Thursday, July 25, 2024

Need For Wastewater Treatment Plant Expansion Hangs Like a Dark Cloud Over Council

It will be expensive, and even if funding can be secured from upper levels of government, it will still require a significant amount of new debt to be taken on by this municipality. But in the near future, the Municipality of Meaford must address the need for the expansion of the municipal wastewater treatment plant.

The facility, located on Grant Avenue near Memorial Park, has a reported three-year average of operating at 75.8 percent capacity, and with the recent interest from numerous developers, that capacity is quickly dwindling, leaving council no choice but to work toward undertaking a major expansion. Meaford’s Treasurer told council this week that the expansion is likely to add $46 million in new long term debt over the next ten years, which would gobble up all of the municipality’s allowable debt repayment capacity.

The WWTP Expansion project is required to complete future development within urban Meaford. The existing WWTP has run between 70% and 80% capacity in recent years and does not have the required capacity to accommodate proposed development,” the municipality noted in September of last year as it kicked off the required municipal class environmental assessment process for the expansion.

In the long run, the bulk of the cost to expand the wastewater treatment plant will be paid not by current Meaford ratepayers, but rather by development charges collected from all the new developments we will be seeing in this municipality. However, the amount of debt that will be required initially (development charges will essentially pay off the bulk of that debt over time) could cripple this municipality when it comes to other infrastructure needs in the years to come.

Many readers will remember the horrible position this municipality was in back in 2010, with some $3 million in accumulated deficits that had to be dealt with by draining municipal reserve accounts to virtually nothing, combined with great concern among many residents about the growing long-term debt, which had topped $10 million. Our roads and bridges were in bad shape with little to nothing available to address rehabilitation needs, and ratepayers were rightly frustrated, particularly as they were being handed hefty rate increases required to dig us out of the hole that we were in.

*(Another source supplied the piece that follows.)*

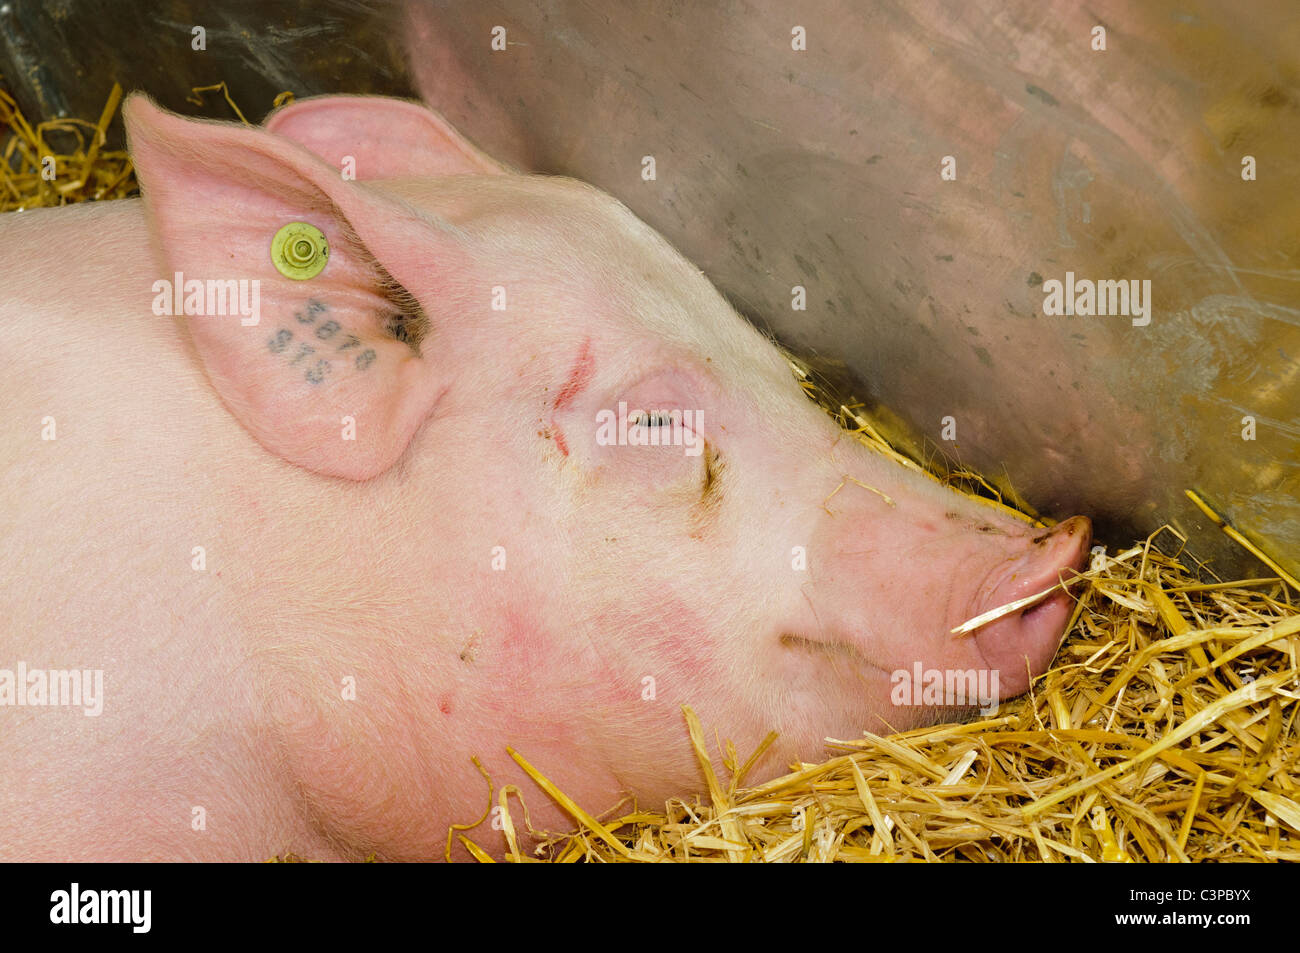 Pink pig with tattooed ear identification mark and RFID ear tag as required by UK law Stock Photo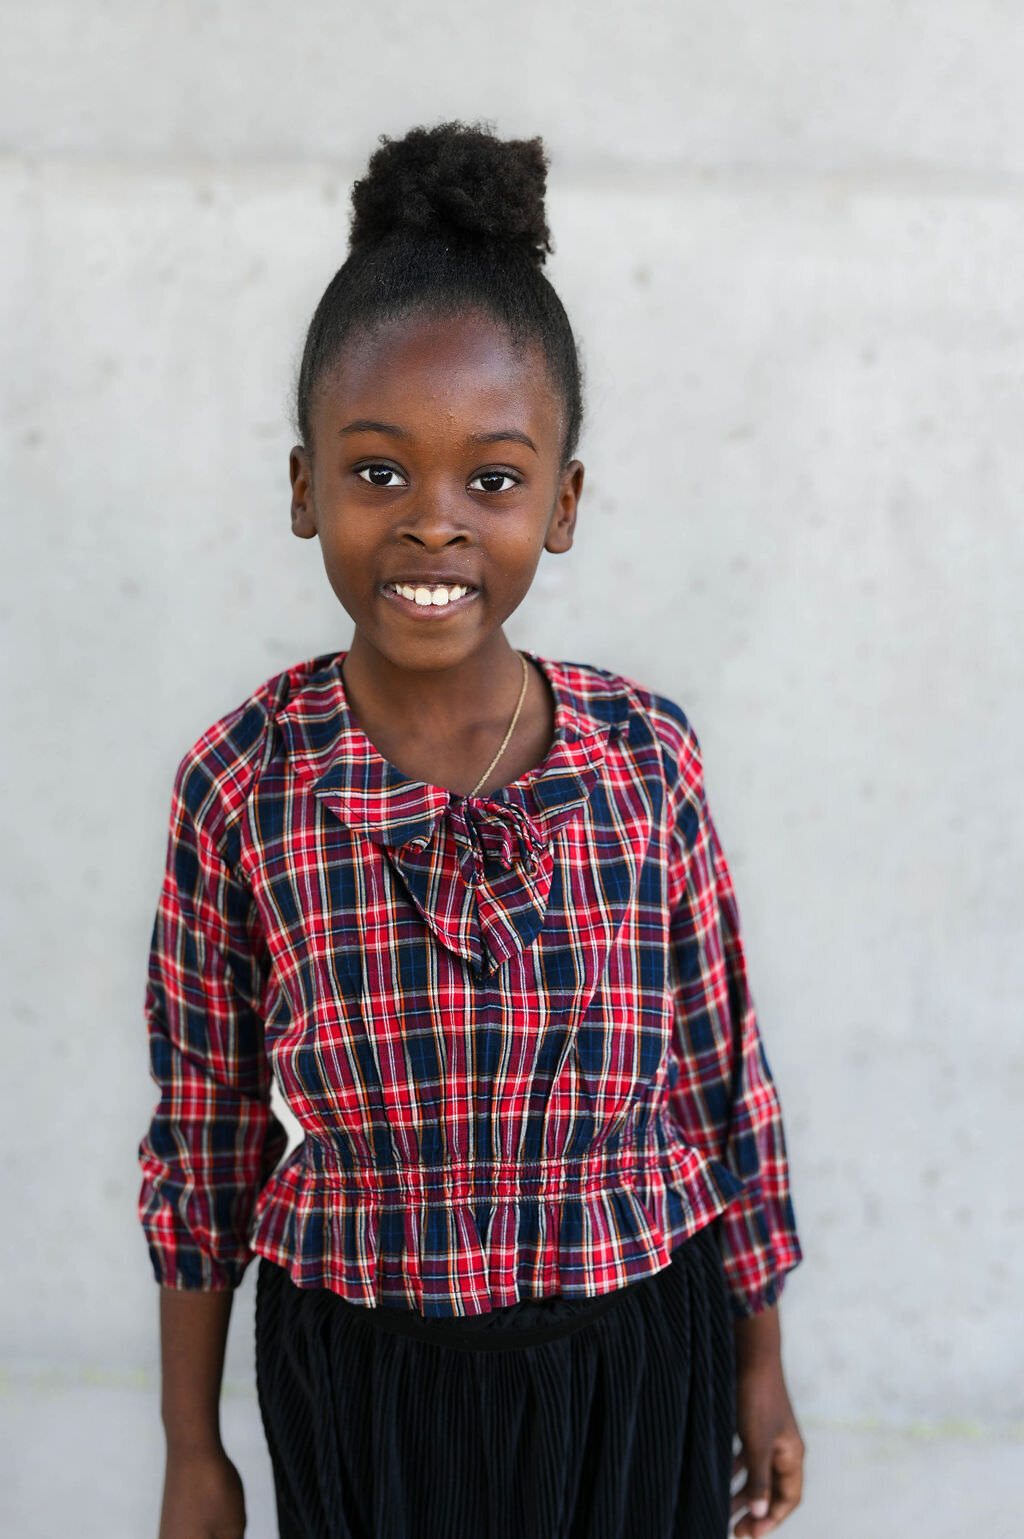 A child smiling while standing against a plain wall.

As a result, in 2011 Meaford’s cash and investments were dangerously low, with the municipality having just $573,000 on hand, while at the end of 2023, this municipality is reported to have nearly $30 million in investments. Though the long term debt was once again approaching $10 million (after having been reduced to roughly $5 million by 2020), it is still less than it was in 2010 when the municipality had virtually nothing in the bank.

To right Meaford’s financial ship, a much loathed ‘five year plan’ was implemented in 2010, aimed at replenishing municipal reserves and putting the municipality on more solid financial footing. That five year plan brought with it double-digit municipal property tax increases (softened a little by the council of the day clinging to the optics of ‘blended rate’ increases that amounted to just five percent when the county and school board portions of the municipal tax bill were factored in.) Ultimately it was not five years, but four, due to managing to accomplish in the first four years what had been planned over five.

Despite all that hard work by successive councils and the sacrifices and increased taxation experienced by Meaford ratepayers, although this municipality is currently in fine financial shape, that is certain to change in the coming years due to pressing infrastructure rehabilitation needs for bridges, along with the tens of millions of dollars that will be required to expand the wastewater treatment plant.

Meaford is not alone. A scan of news websites from across the province provides story after story of municipalities struggling with funding for major and crucially important infrastructure needs. Upper levels of government, and in particular our provincial government, must find ways to pump significantly more funding into municipal infrastructure needs.

Municipalities, particularly smaller rural municipalities, simply do not have the funding sources available to tackle such enormous infrastructure projects. And unlike other levels of government they have limited revenue sources, primarily property taxes and user fees, while relying on grant opportunities to help fund major projects. But grant opportunities are not always plentiful, and with 444 municipalities vying for what little grant funding is offered, there are no guarantees that upper level grant funding will be available when needed.

This leaves municipalities in a precarious position, particularly when major and extremely expensive infrastructure needs become too critical to push off into the future in hopes of funding becoming available in the future.

The province needs to step up, and the federal government needs to offer more funding opportunities to municipalities for these crucial infrastructure projects that can cripple a municipality if not addressed, but can also cripple municipalities if they load up on debt in order to meet the needs of their communities.